## GIVEN INFORMATION
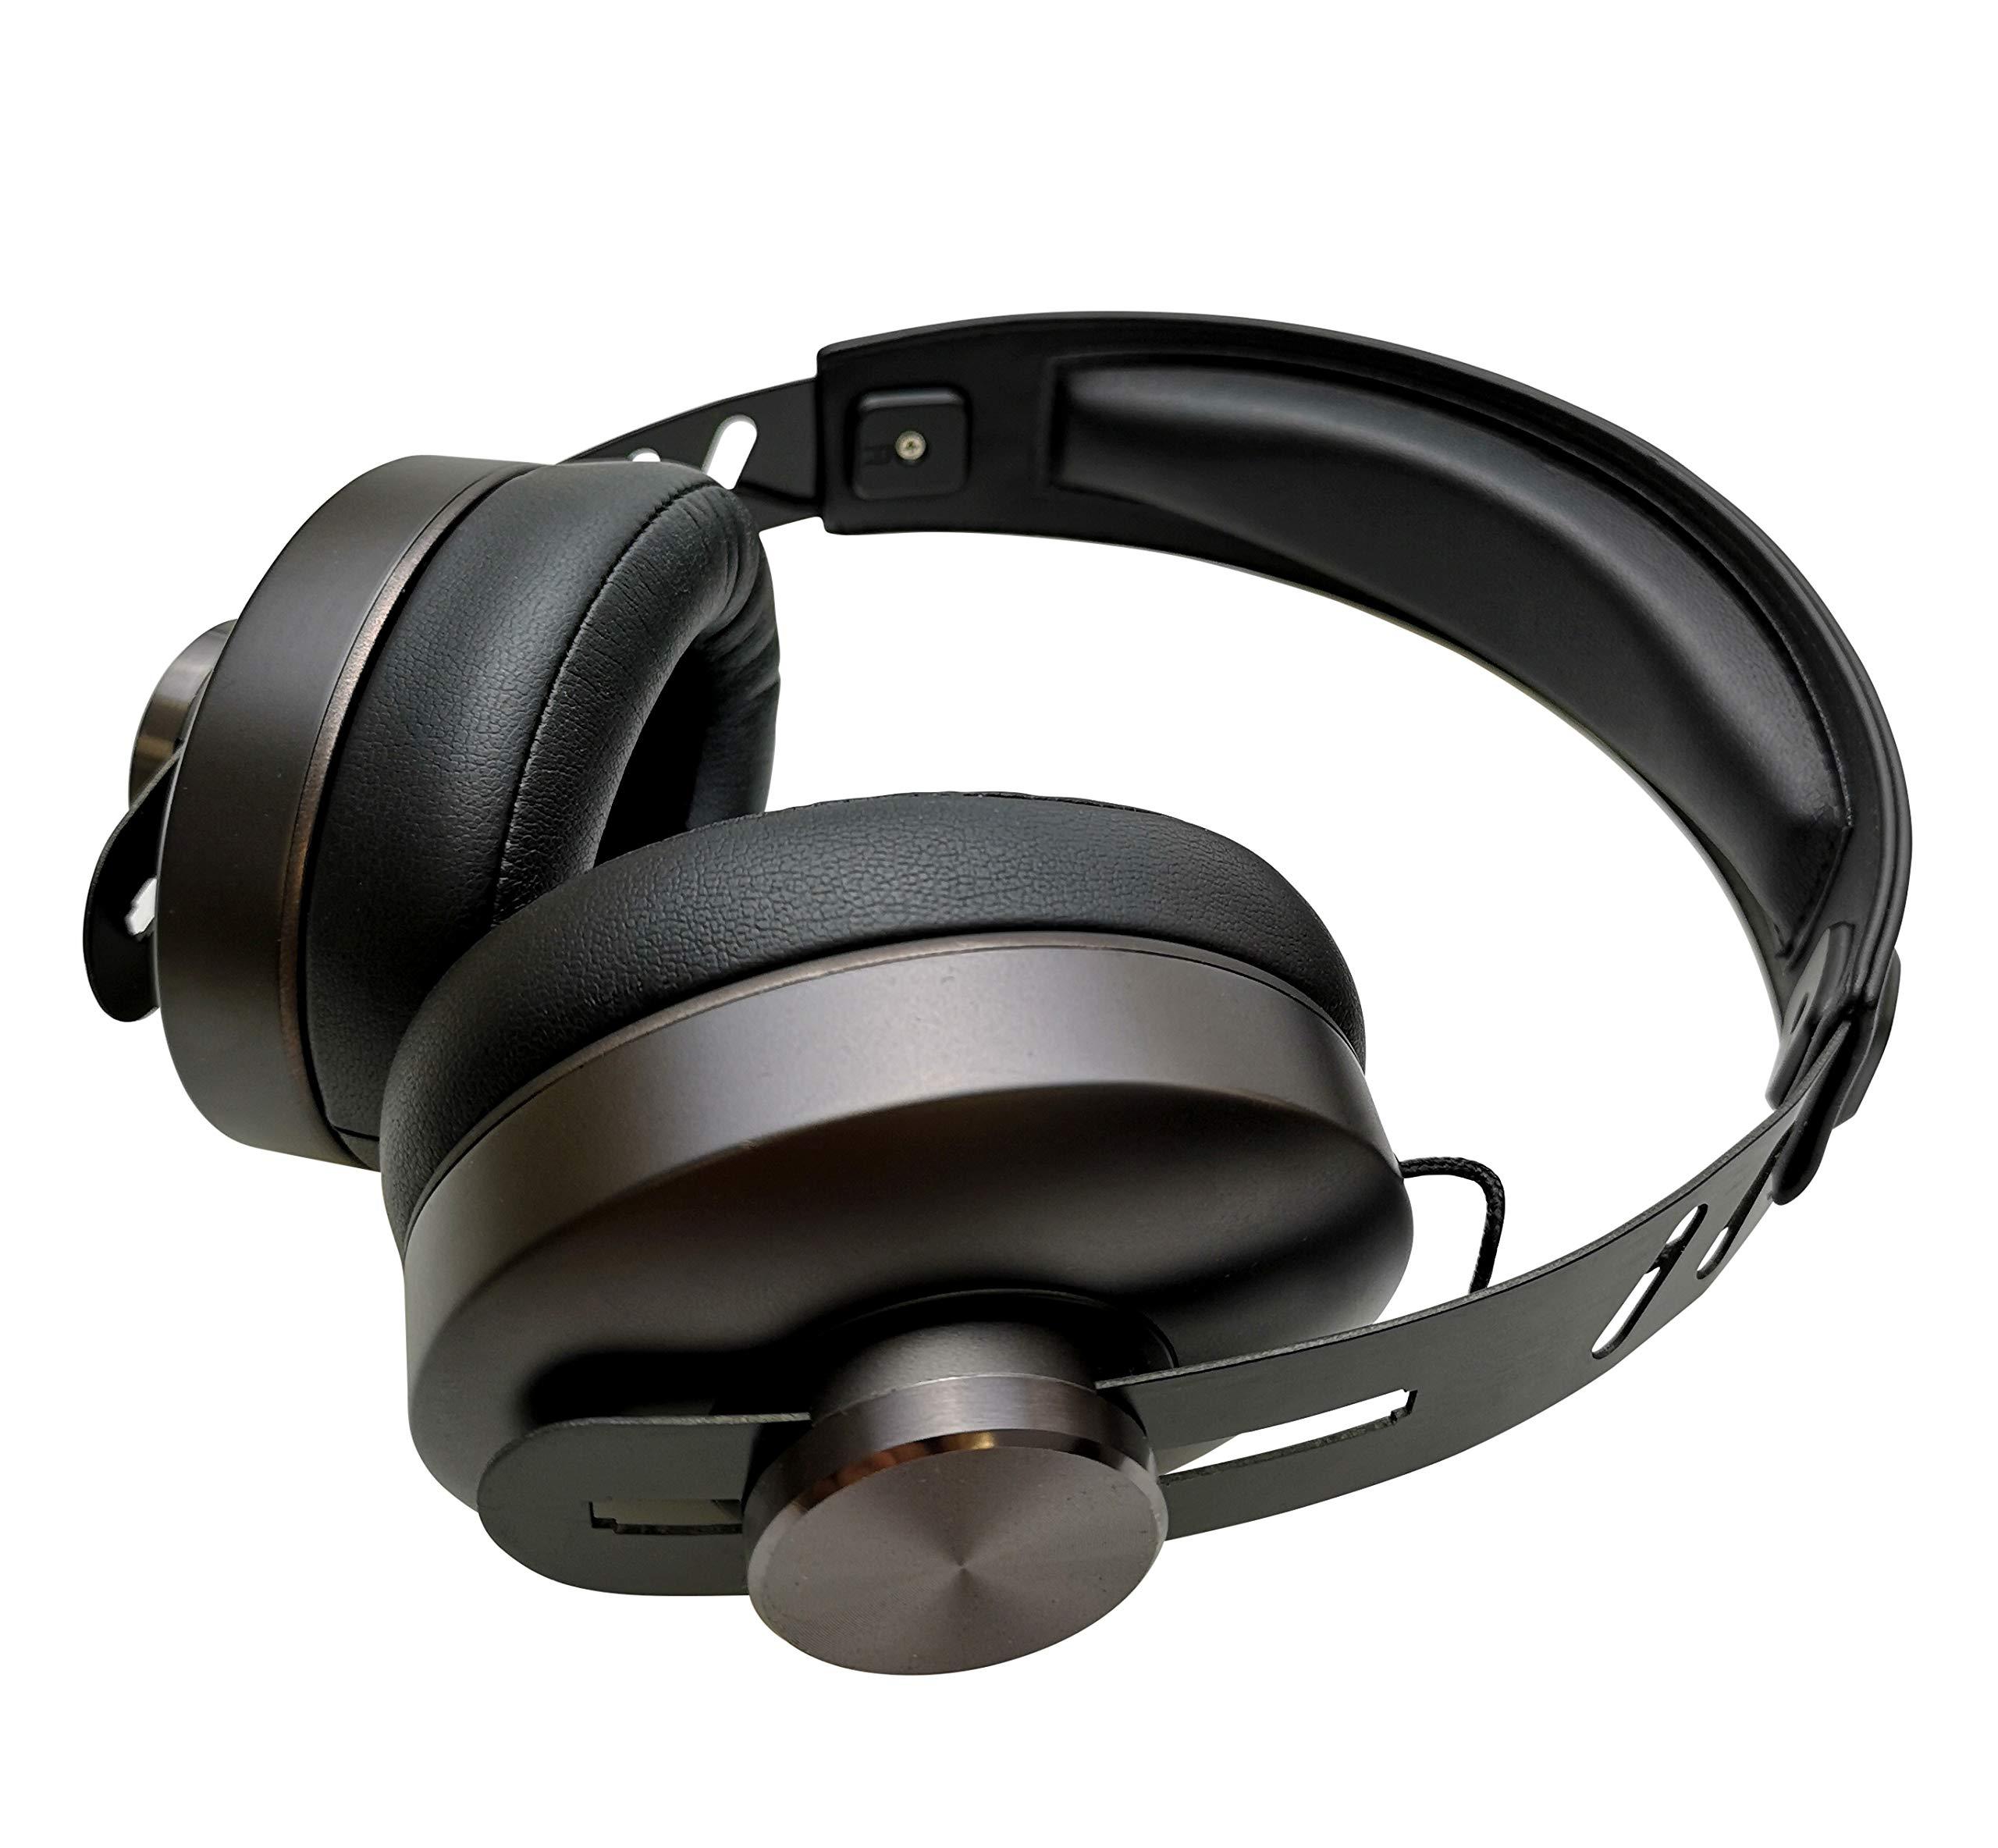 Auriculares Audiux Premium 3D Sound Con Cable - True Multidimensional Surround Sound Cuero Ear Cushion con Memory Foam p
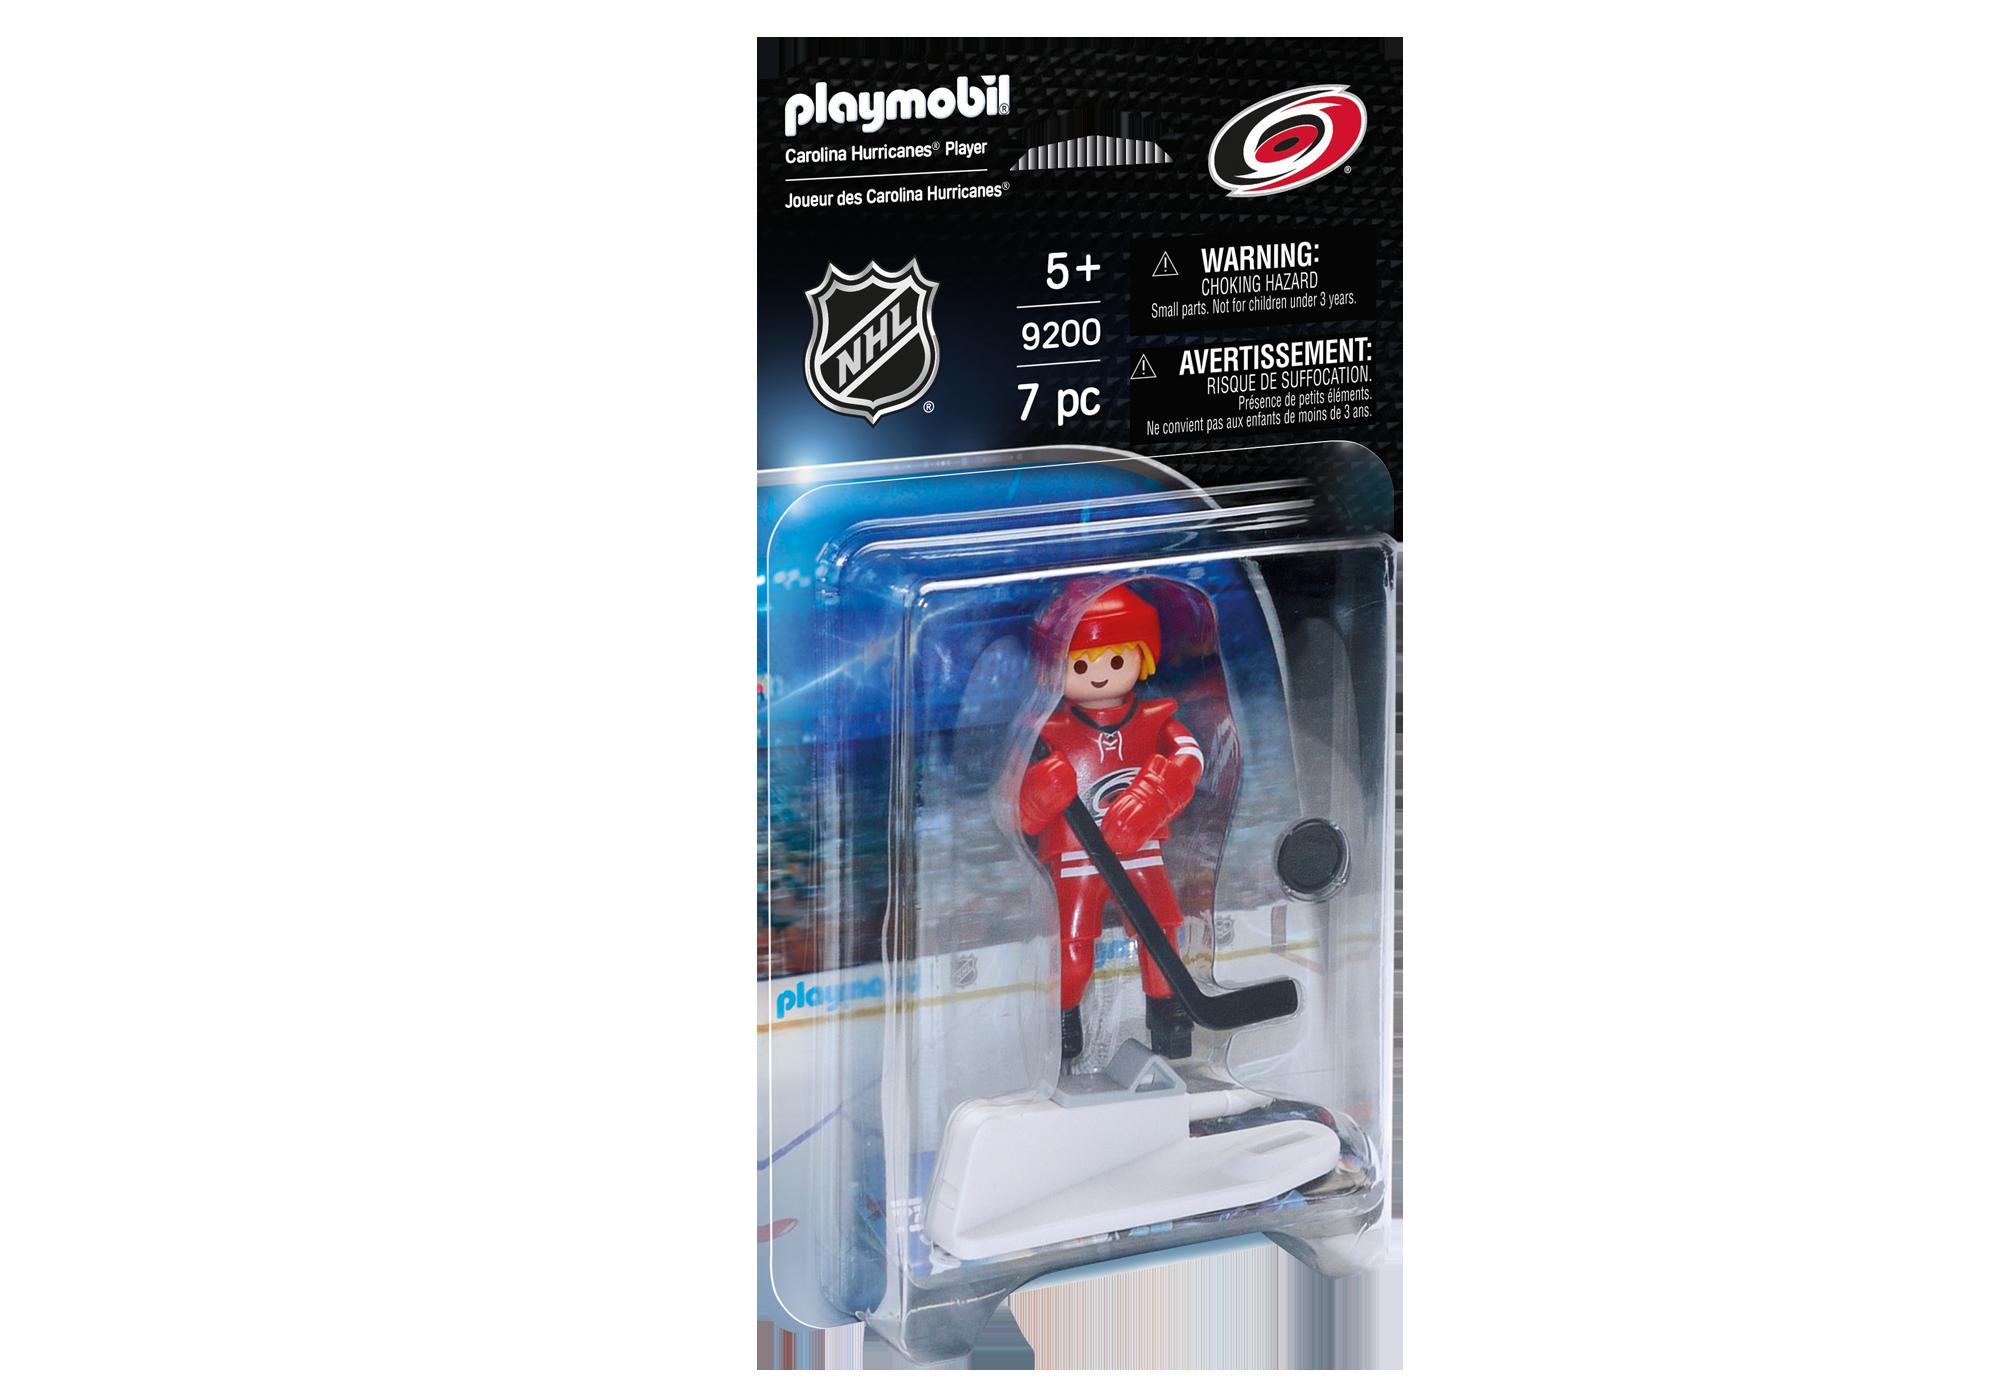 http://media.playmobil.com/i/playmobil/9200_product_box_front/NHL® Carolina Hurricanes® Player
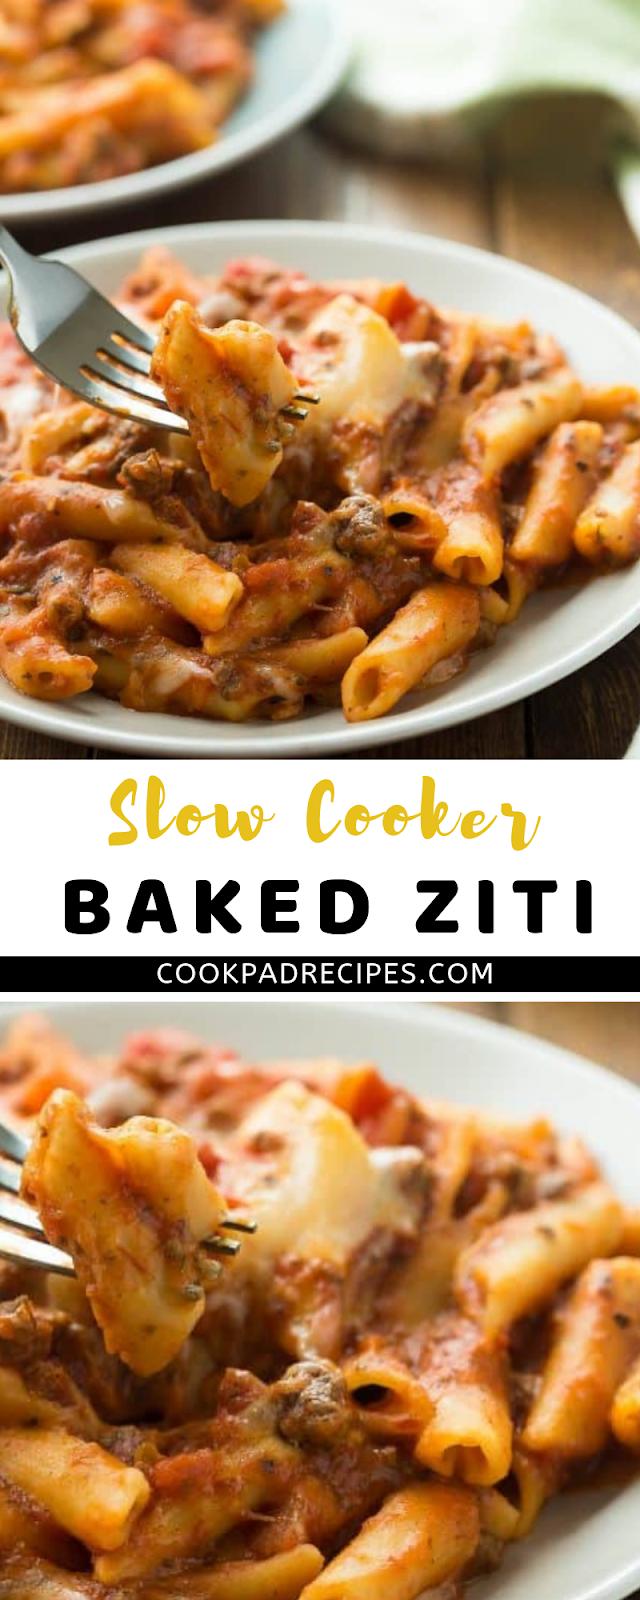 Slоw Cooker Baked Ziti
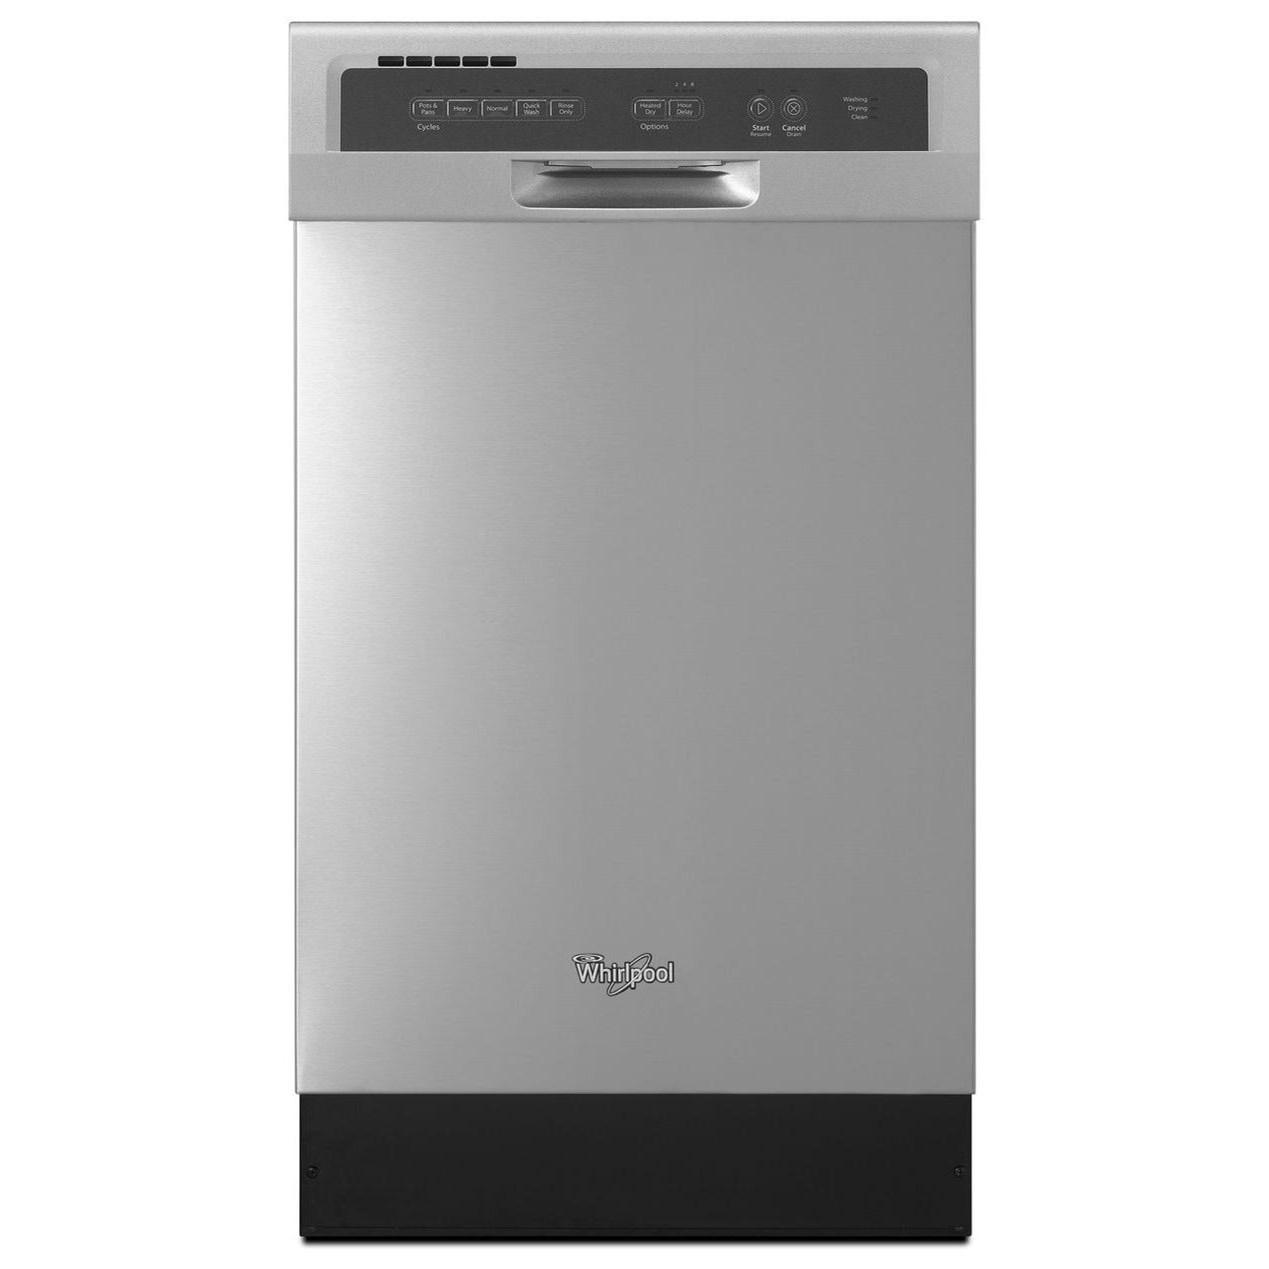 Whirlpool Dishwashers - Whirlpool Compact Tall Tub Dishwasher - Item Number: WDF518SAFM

## ASSIGNMENT
Retype all the material word for word while skipping any picture it contains.

## EXERCISE ANSWER
 Auriculares Audiux Premium 3D Sound Con Cable - True Multidimensional Surround Sound Cuero Ear Cushion con Memory Foam p
 http://media.playmobil.com/i/playmobil/9200_product_box_front/NHL® Carolina Hurricanes® Player
 Slоw Cooker Baked Ziti
 Whirlpool Dishwashers - Whirlpool Compact Tall Tub Dishwasher - Item Number: WDF518SAFM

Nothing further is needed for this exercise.